Con el tiempo ha quedado atrás la costumbre de rendir homenaje a antiguas leyendas del cine

Hace 25 años el Festival de Cannes decidió rendir homenaje a la legendaria estrella Marlene Dietrich. Se editó un bonito cartel y se organizó un sarao en su honor… al que finalmente ella no acudió, ya que se murió dos días antes del anunciado evento con algo más de noventa años. Hubo entonces mucha guasa porque era el festival de San Sebastián al que se le había adjudicado el sambenito de mataestrellas… “¿Quién será este año el suicida que acepte el premio Donostia?”, escribió un afamado y malintencionado gacetillero. Jack Lemmon y Billy Wilder, por ejemplo parece que se negaron en su momento a visitar San Sebastián por esa cretina superstición, y terminaron muriéndose tras visitar otros festivales más saludables.

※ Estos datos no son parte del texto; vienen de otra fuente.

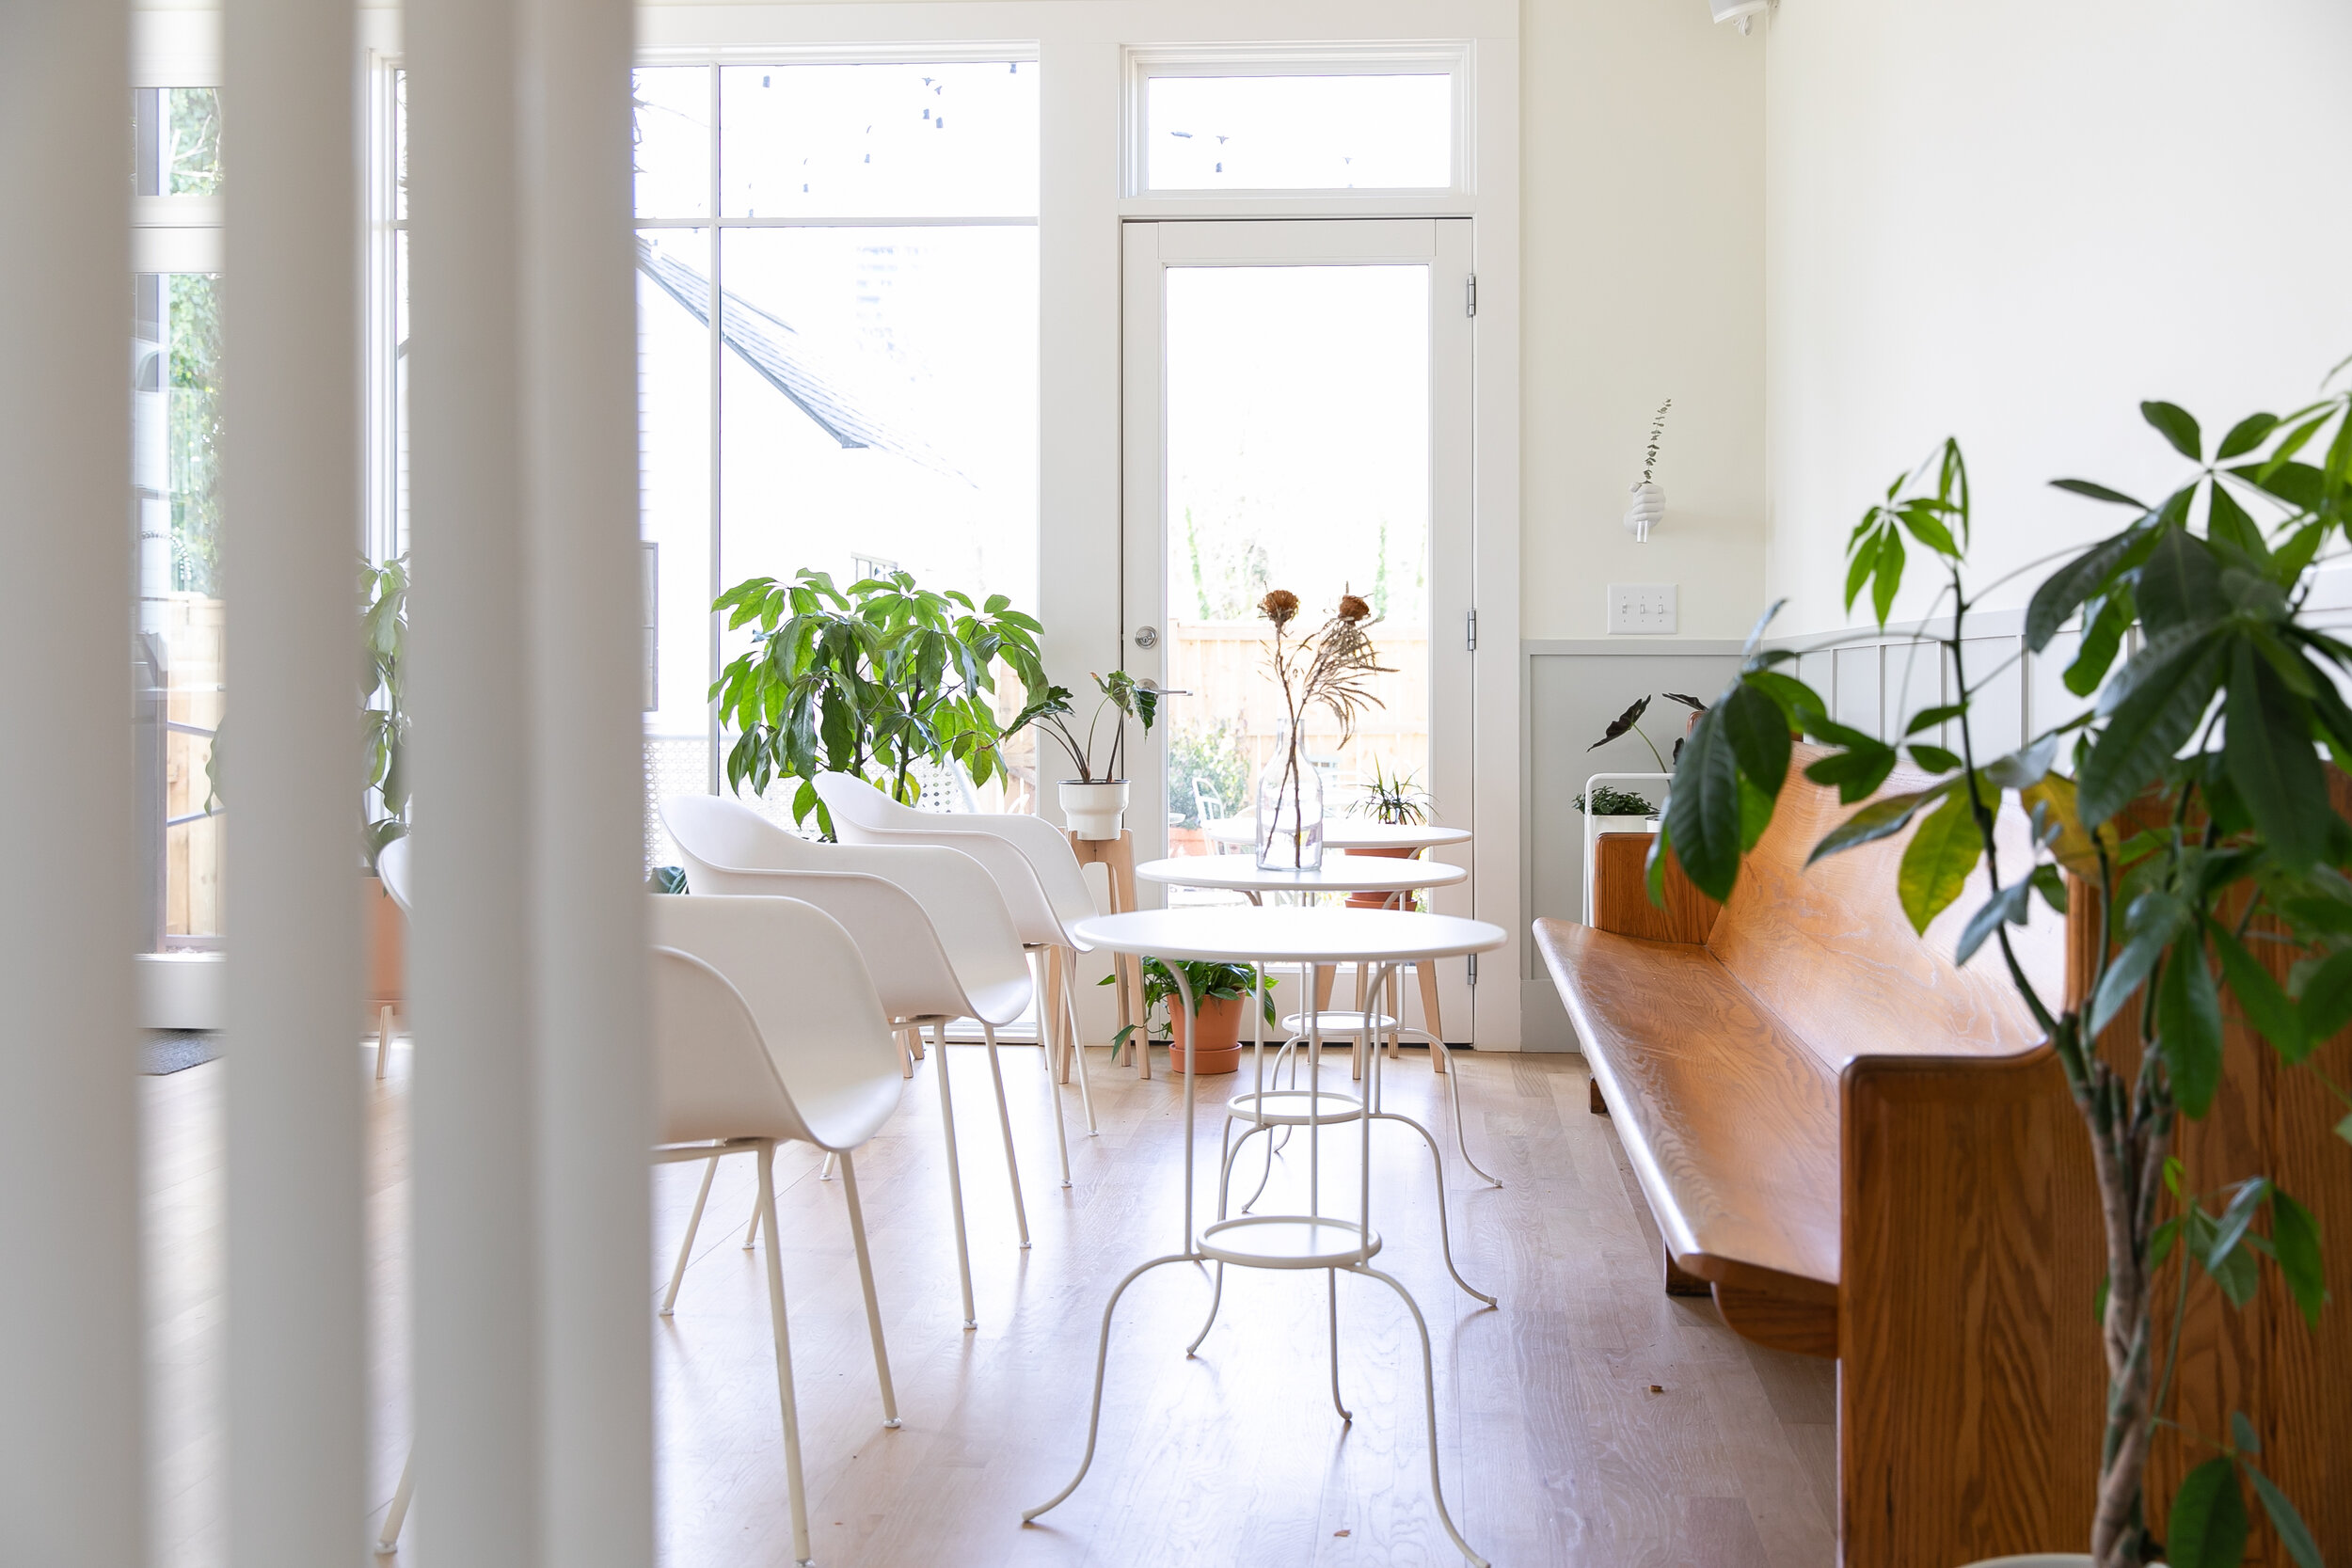 10 Guest House Raleigh - Common Space Kitchen - Photo by Leslie Ryann McKellar.jpg

Con el tiempo ha quedado atrás la costumbre de rendir homenaje a antiguas leyendas del cine, hasta el punto de que hoy en día muchísimos jóvenes no saben de quién se habla cuando se refiere uno a ellas aunque casi a diario ahora vemos en las teles españolas películas con Conchita Montenegro, Antoñita Colomé, Jorge Mistral, Juan Calvo, Armando Calvo, Raquel Rodrigo, José Luis Ozores, Imperio Argentina, José Orjas, Pepe Isbert… estrellas que en su día paraban la circulación de las calles y atraían a masas de admiradores que los consideraban como miembros de sus propias familias. Muchos de ellos triunfaron en diversas partes del mundo, Hollywood incluido, cosa que ahora parece no haber ocurrido nunca, porque entre nosotros, no sólo los del cine, la gente no muere, sino que desaparece. Claro que la imagen permanece viva para siempre.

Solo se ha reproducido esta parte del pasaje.